In the context of this question a list L is a subset of list M if M contains all members of L, and in the same order. For example, the list [1,2] is a subset of the list [1,2,3], but not of the list [2,1,3].

示例输入:

a. [[1, 2, 4, 8], [1, 2, 4, 5, 6], [1, 2, 3], [2, 3, 21], [1, 2, 3, 4], [1, 2, 3, 4, 5, 6, 7]]
b. [[2, 16, 17], [1, 2, 3, 4, 5, 6, 7], [1], [1, 2, 3, 4], [1, 2], [17, 18, 19, 22, 41, 48], [2, 3], [1, 2, 3], [50, 69], [1, 2, 3], [2, 3, 21], [1, 2, 3], [1, 2, 4, 8], [1, 2, 4, 5, 6]]

预期结果:

a. [[1, 2, 4, 8], [2, 3, 21], [1, 2, 3, 4, 5, 6, 7]]
b. [[2, 16, 17], [1, 2, 3, 4, 5, 6, 7], [17, 18, 19, 22, 41, 48], [50, 69],  [2, 3, 21], [1, 2, 4, 8], [1, 2, 4, 5, 6]]

更多示例:

L = [[1, 2, 3, 4, 5, 6, 7], [1, 2, 5, 6]]-不减少

L = [[1, 2, 3, 4, 5, 6, 7], [1, 2, 3] ，[1, 2, 4, 8]]-是，减少

L = [[1, 2, 3, 4, 5, 6, 7], [7, 6, 5, 4, 3, 2, 1]]-不减少

(很抱歉导致数据集不正确.)

推荐答案

感谢所有提出解决方案并应对我有时错误的数据集的人.使用 @hughdbrown 解决方案，我将其修改为所需的内容:

Thanks to all who suggested solutions and coping with my sometimes erroneous data sets. Using @hughdbrown solution I modified it to what I wanted:

修改是在目标上使用滑动窗口，以确保找到子集序列.我想我应该用比"Set"更合适的词来描述我的问题.

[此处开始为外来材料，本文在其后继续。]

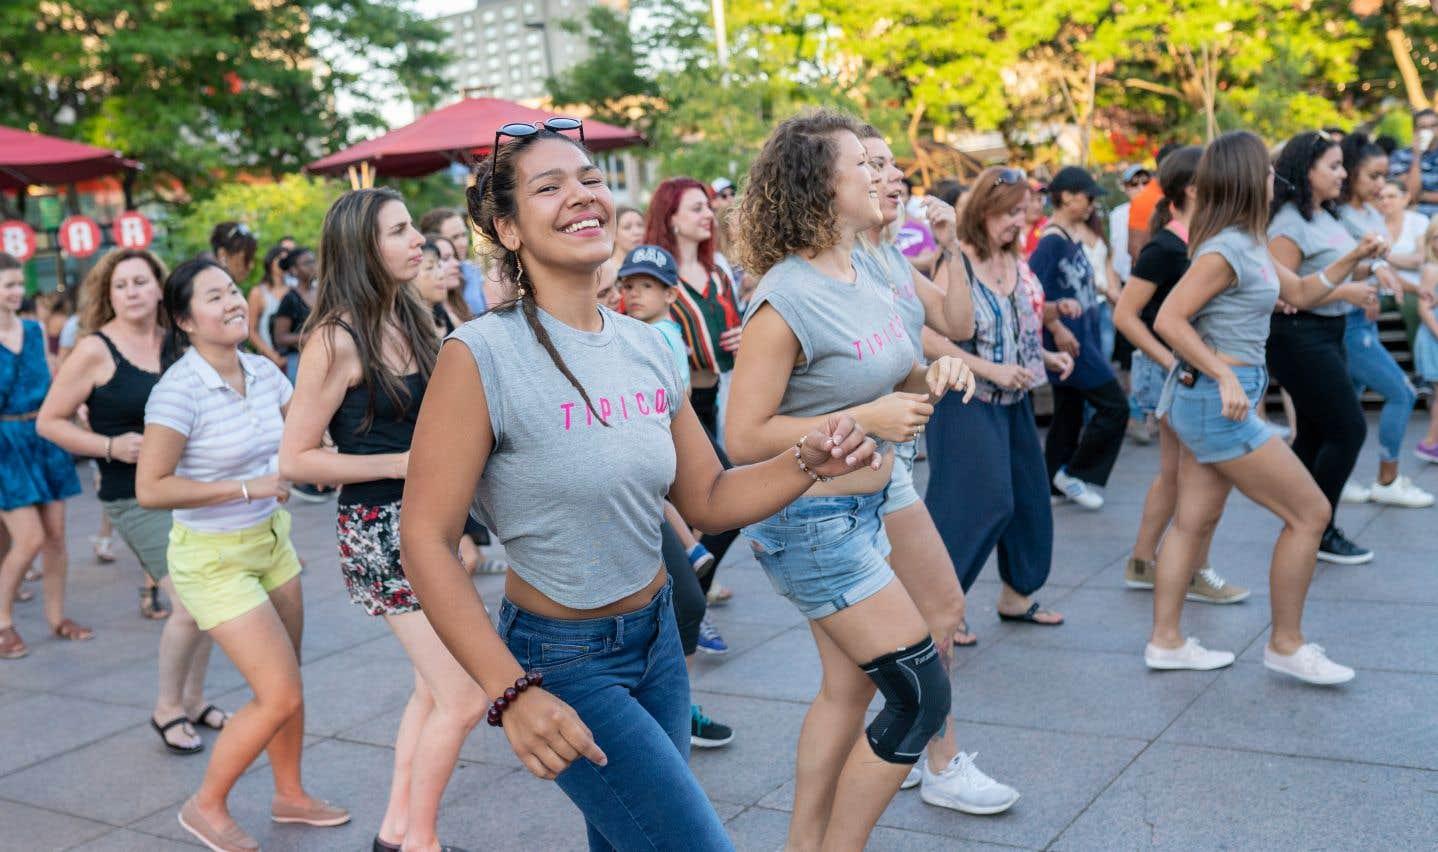 Les soirées Salsafolie réunissent les amateurs de danse latine.
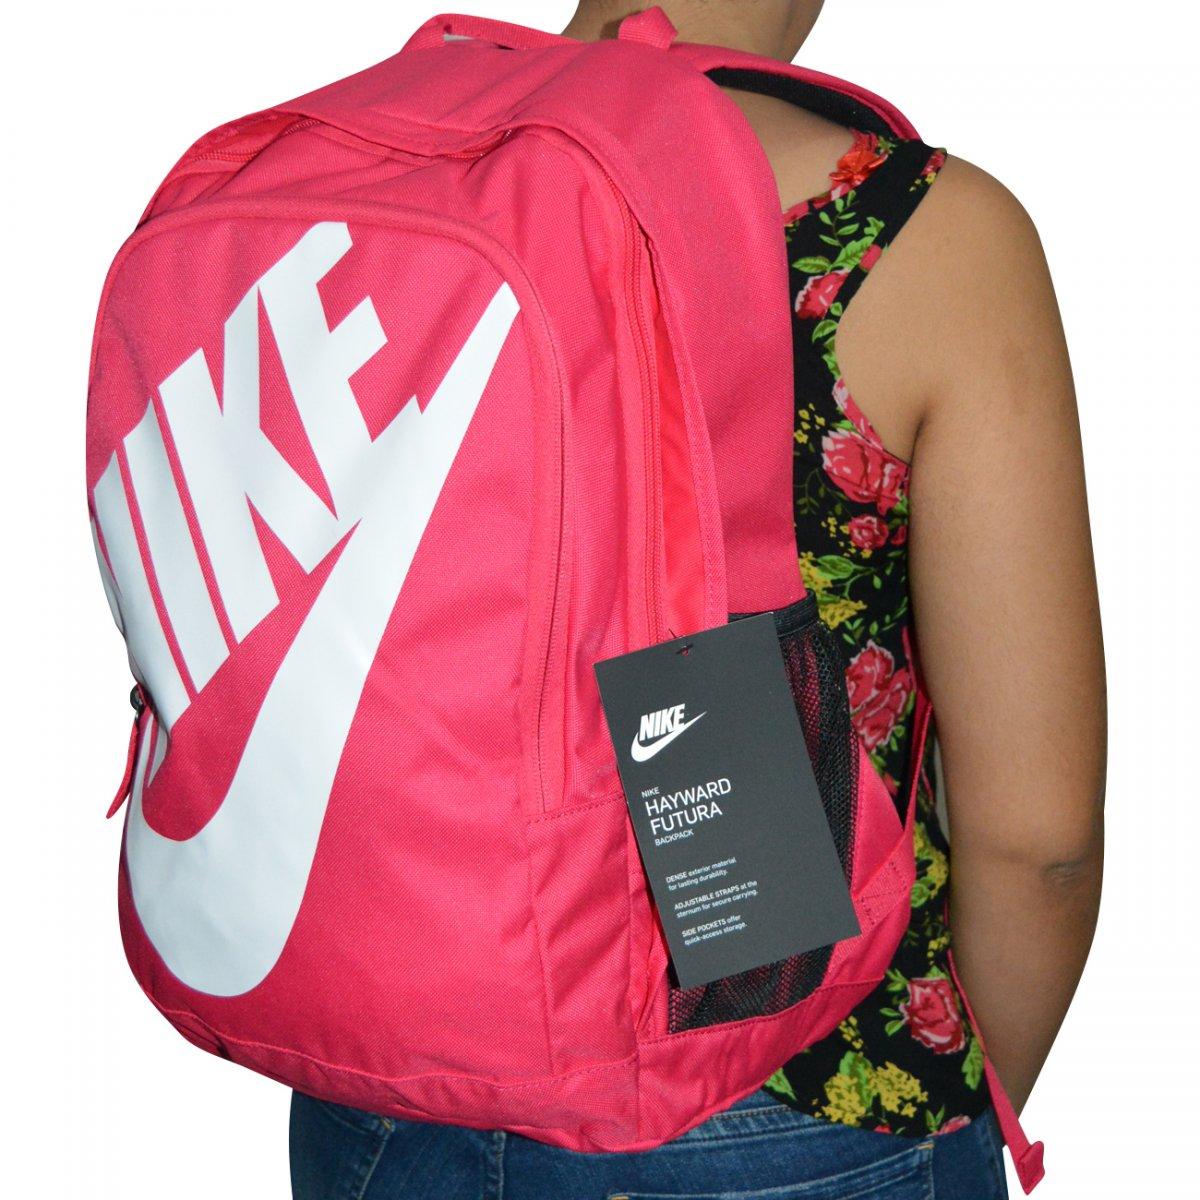 9f07542e3 Mochila Nike BA5217 BA5217-694 - Pink/branco - Chuteira Nike, Adidas.  Sandalias Femininas. Sandy Calçados

The modification was to use a sliding window over the target to ensure the subset sequence was found. I think I should have used a more appropriate word than 'Set' to describe my problem.

def is_sublist_of_any_list(cand, lists):
    # Compare candidate to a single list
    def is_sublist_of_list(cand, target):
        try:
            i = 0            
            try:
                start = target.index(cand[0])
            except:
                return False

            while start < (len(target) + len(cand)) - start:
                if cand == target[start:len(cand)]:
                    return True
                else:
                    start = target.index(cand[0], start + 1)
        except ValueError:
            return False

    # See if candidate matches any other list
    return any(is_sublist_of_list(cand, target) for target in lists if len(cand) <= len(target))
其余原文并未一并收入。